Optimizing number of cpu cores in a gpu node run

GROMACS version: 2023.2
GROMACS modification: No

Dear GMX users,

I’ve tested the performance of mdrun on a gpu node using different numbers of cpu cores. I’ve noticed that the simulations do not benefit from an increased number of cores (see plot below). Is this an expected behavior when all bonded and non-bonded calculations are offloaded to the gpu?
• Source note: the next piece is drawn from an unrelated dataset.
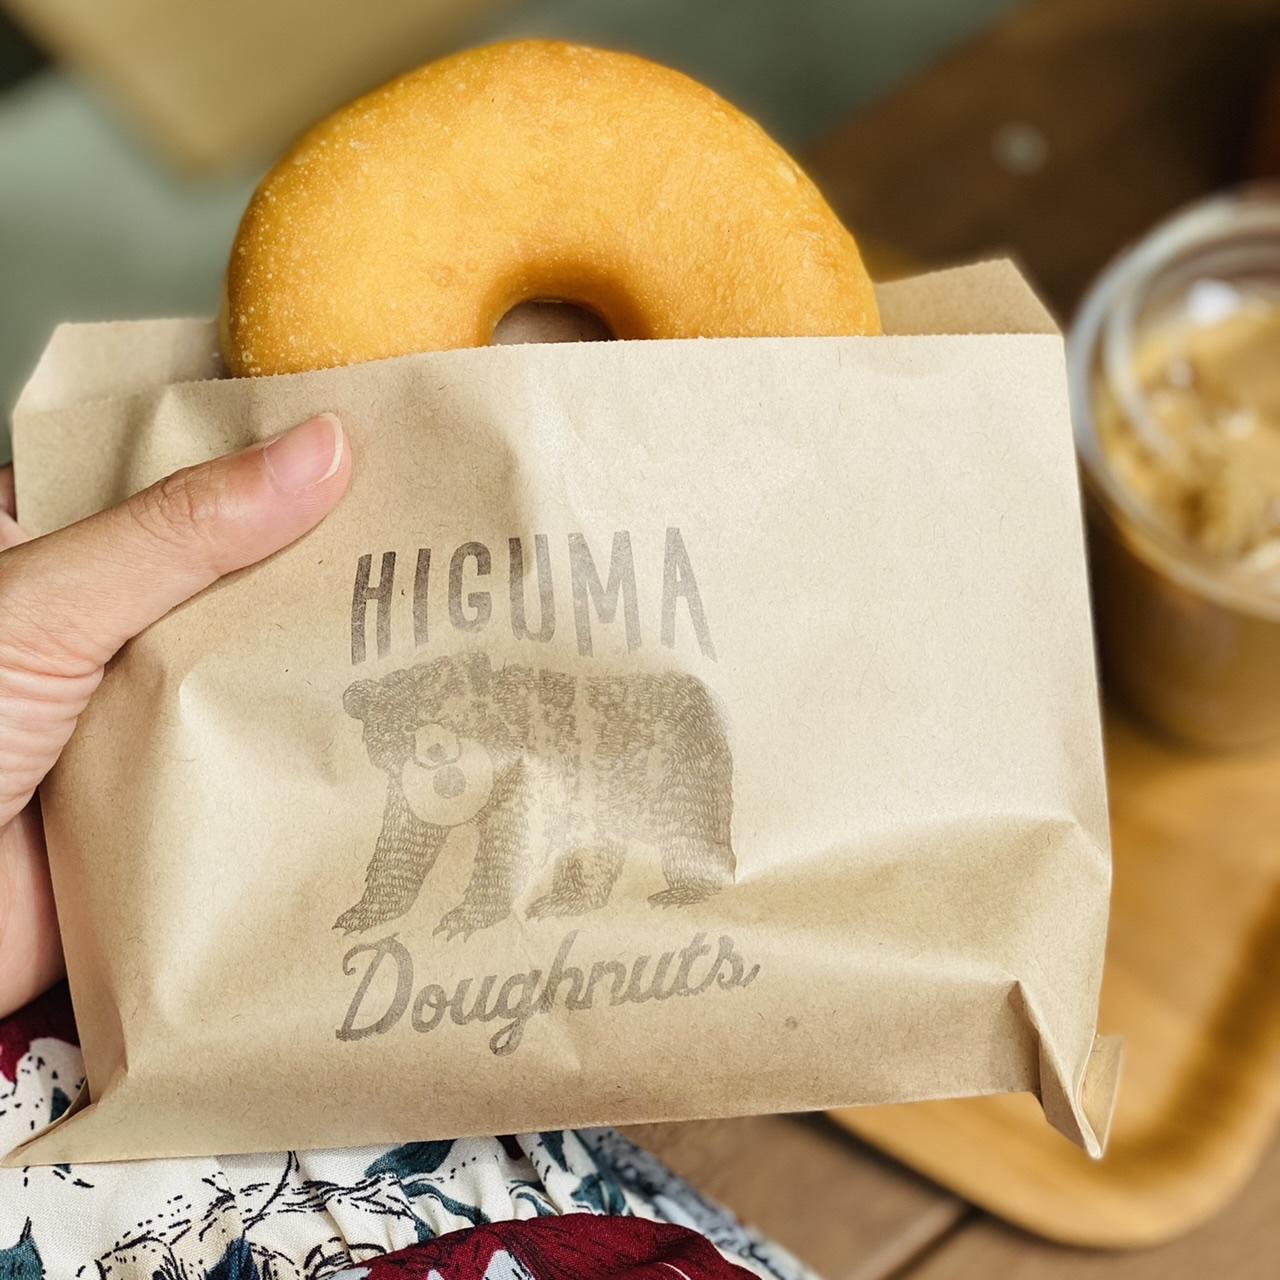 【表参道カフェ】ドーナツのふわふわ感がすごい!木の空間がお洒落《ヒグマドーナツ》へ♡_4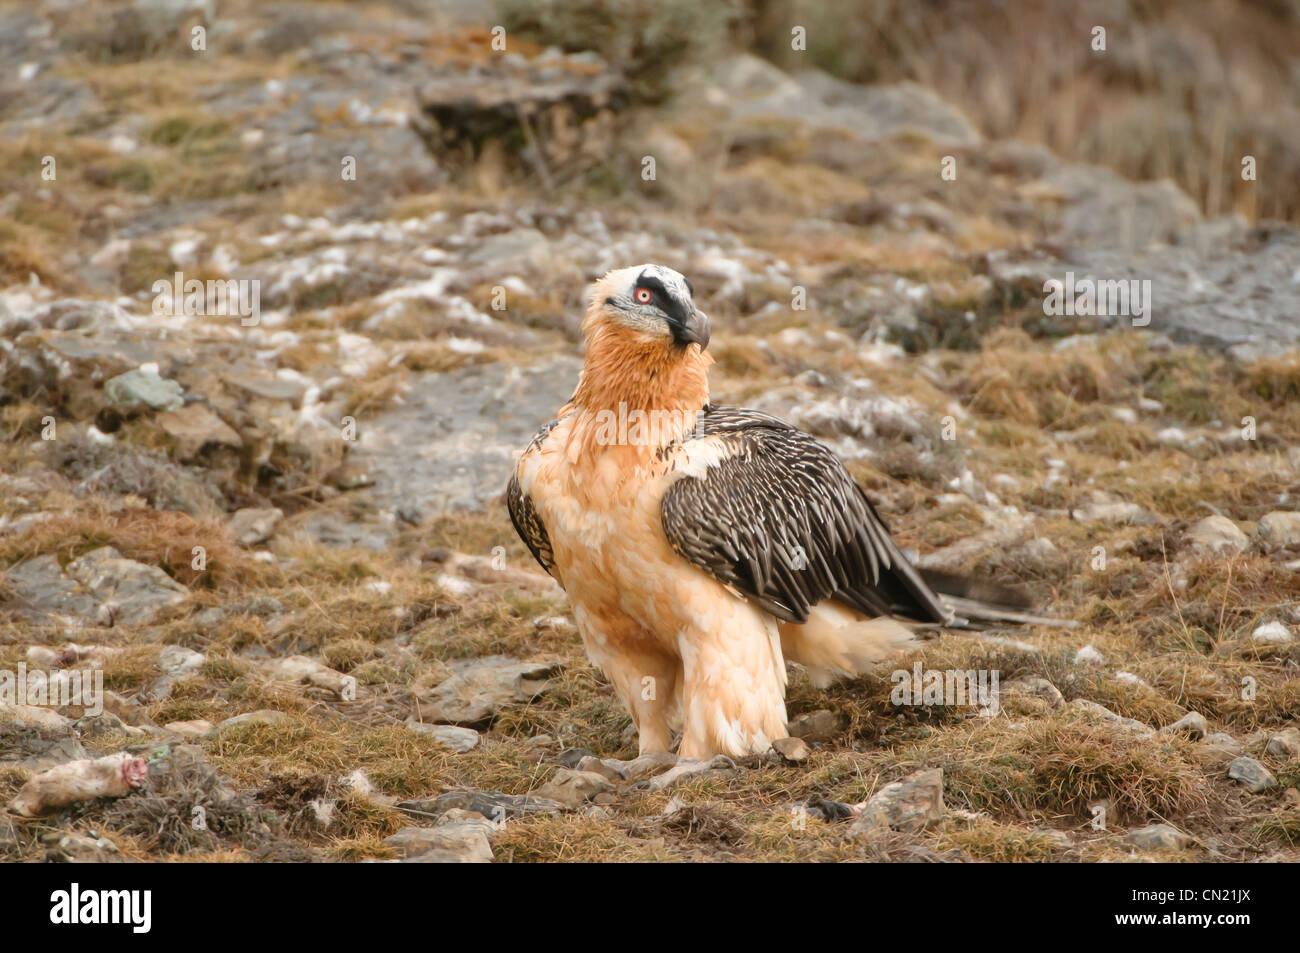 Lagermeier (LIC)) Carrion s'alimenter à une station d'alimentation d'oiseaux nécrophages, Photo Stock

Is there a way to take advantage of the larger number of cores available?

Here are the commands that I’ve used:

export OMP_NUM_THREADS=40 #Vary this number

export GMX_ENABLE_DIRECT_GPU_COMM=1

export GMX_FORCE_UPDATE_DEFAULT_GPU=true

mpirun -np 1 gmx_mpi mdrun -deffnm md_0_1 -nb gpu -bonded gpu -pme gpu -resetstep 90000 -noconfout

Best regards,

Gustavo

Hi!

Is this an expected behavior when all bonded and non-bonded calculations are offloaded to the gpu?

You are already offloading most of the work to the GPU. CPU still has things to do, but, unless you have some CPU-only forces in your simulations, your observations are to be expected.
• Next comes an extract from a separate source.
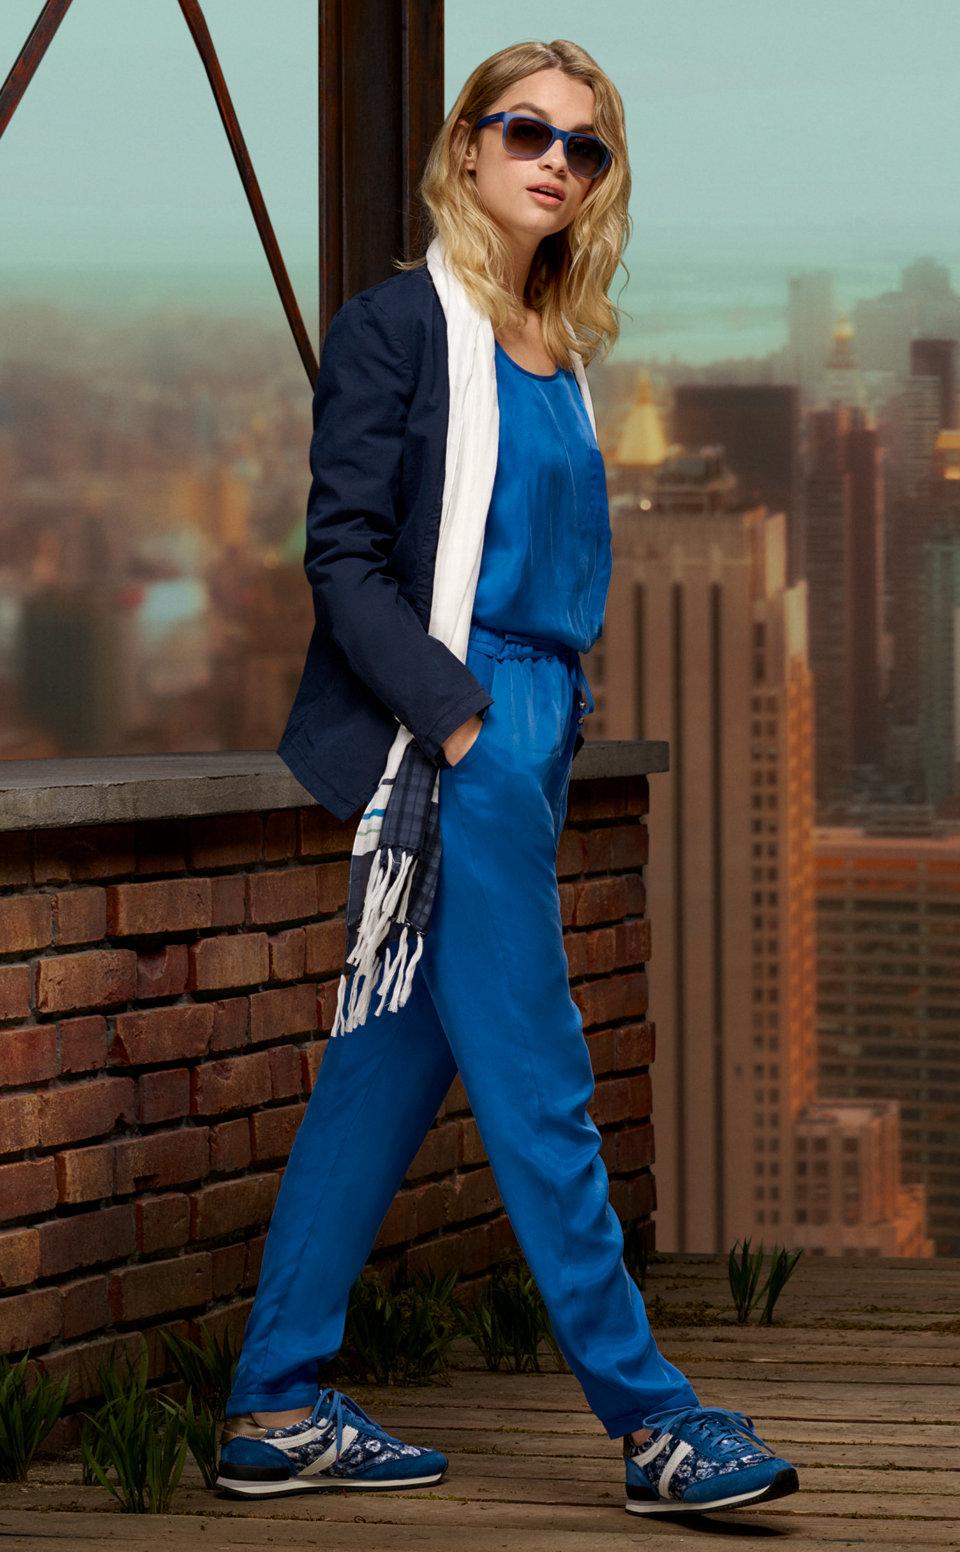 Blauer Blazer, blaues Top und blaue Hose vonBOSSOrange

Is there a way to take advantage of the larger number of cores available?

You can try using -bonded cpu to move some load back from GPU to CPU; since you have plenty CPU resources, that can speed things up.

Note that it’s quite possible that the best performance would be achieved without fully loading all CPU cores. There is granularity and overheads when distributing tasks between CPU and GPU, and we cannot achieve perfectly uniform utilization of all hardware resources in all cases.

Dear al42and,

Thanks for the reply.

I’ve tested using -bonded cpu, but the performance using the gpu for all calculations is way superior (more than 2x faster than with -bonded cpu). Maybe the gpu (NVIDIA Tesla V100 GPU card) is just very good at the job?

Best regards,

Gustavo